I read with interest your ...
Question: I read with interest your comment that you long for the day when gay characters on TV are treated as completely unremarkable. It occurred to me that such an event has already occurred, earlier this year, on a little reality show called
Survivor. In last fall's
Cook Islands edition, the same edition that initially divided the tribes by ethnicity, two male contestants later revealed off camera that they were gay, but that topic did not even surface on air. It is hard to believe that the subject never came up on the island among the contestants, and that cameras did not capture it. So I found it refreshing that producer
Mark Burnett did not deem the sexuality of either contestant to be remarkable enough to fashion (through editing) a little story point about it. Certainly the homosexuality of previous
Survivor contestants (
Richard Hatch and many others) had been story points in previous editions. So in a way, I found that the granddaddy of TV's current reality craze broke ground once again: first when an openly gay man won the original
Survivor, and then, six years later, by choosing through the editing process to not make a story point of the sexuality of a couple of its gay contestants.
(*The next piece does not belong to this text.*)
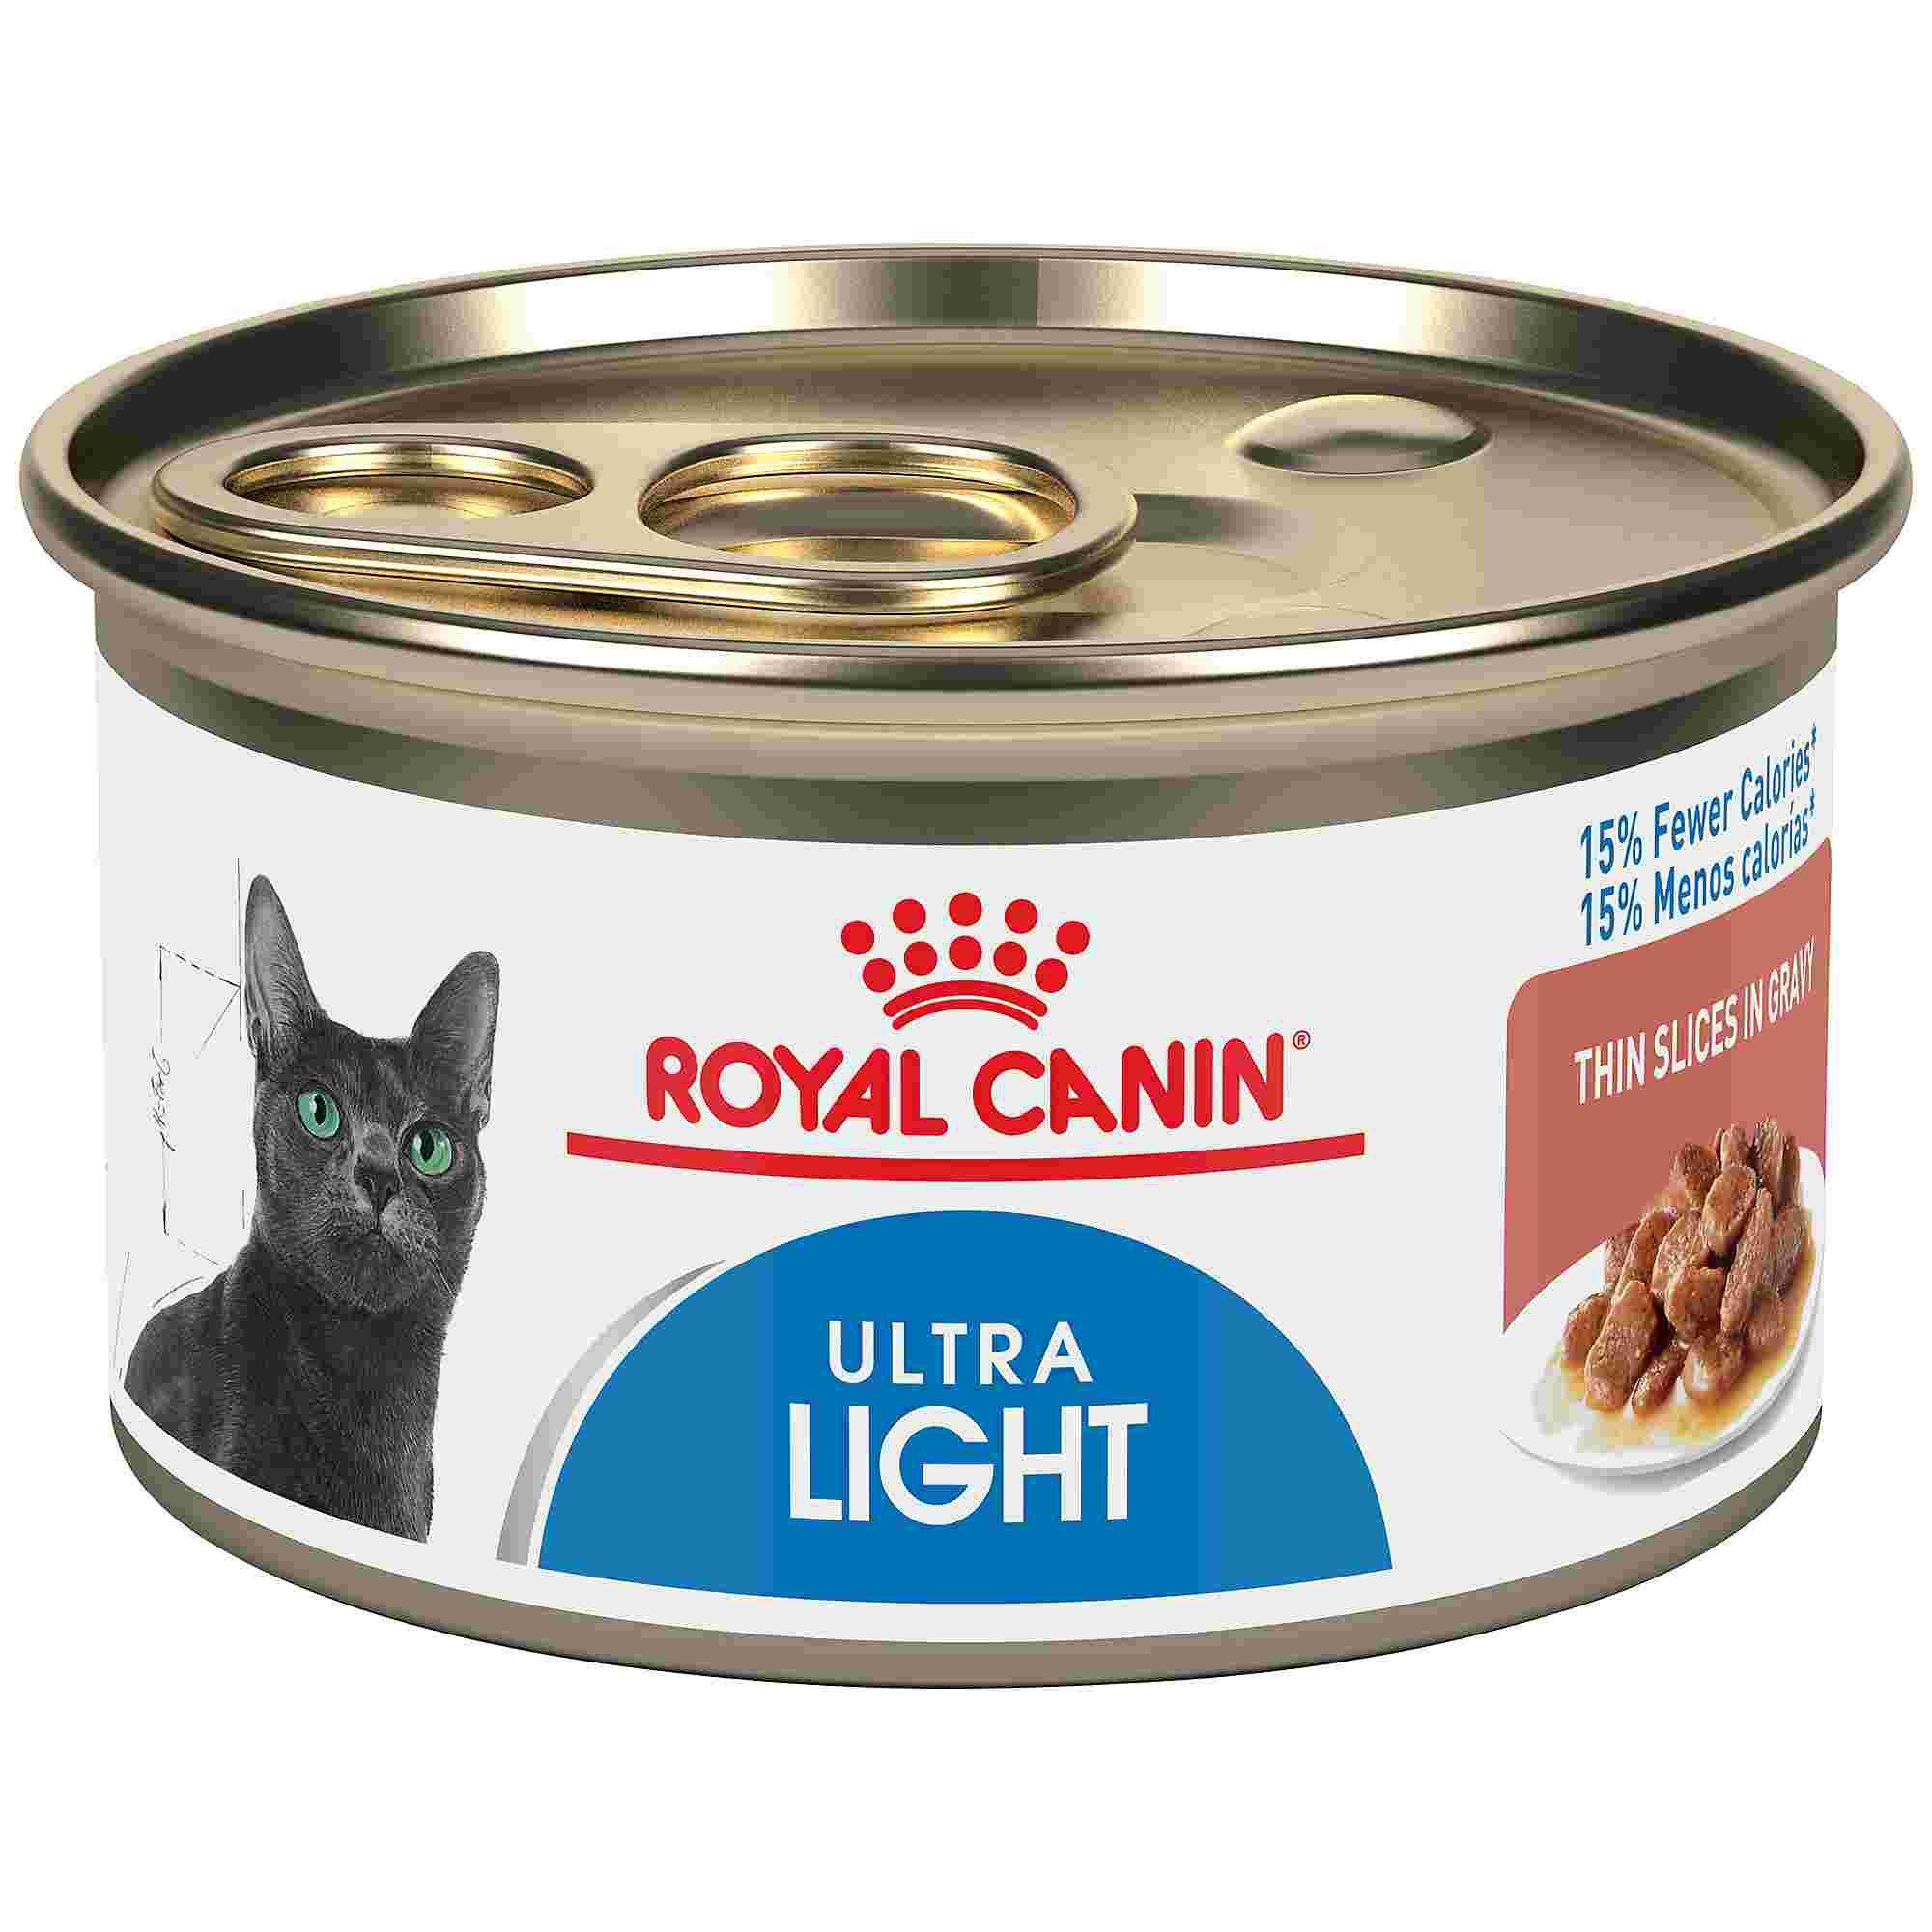 Royal Canin Feline Health Nutrition Ultra Light Adult Canned Cat Food

Answer: Don't ask, don't tell? In this case, I like it. I bet if these contestants' sexual orientation had had an effect on how they related to other tribe members (the way, say, Rudy reacted to Richard Hatch's being gay), it would have been shown. The fact that it apparently didn't make waves is worth noting. Reminds us all that being gay isn't of itself inherently dramatic, just a fact of life. Thanks for pointing that out.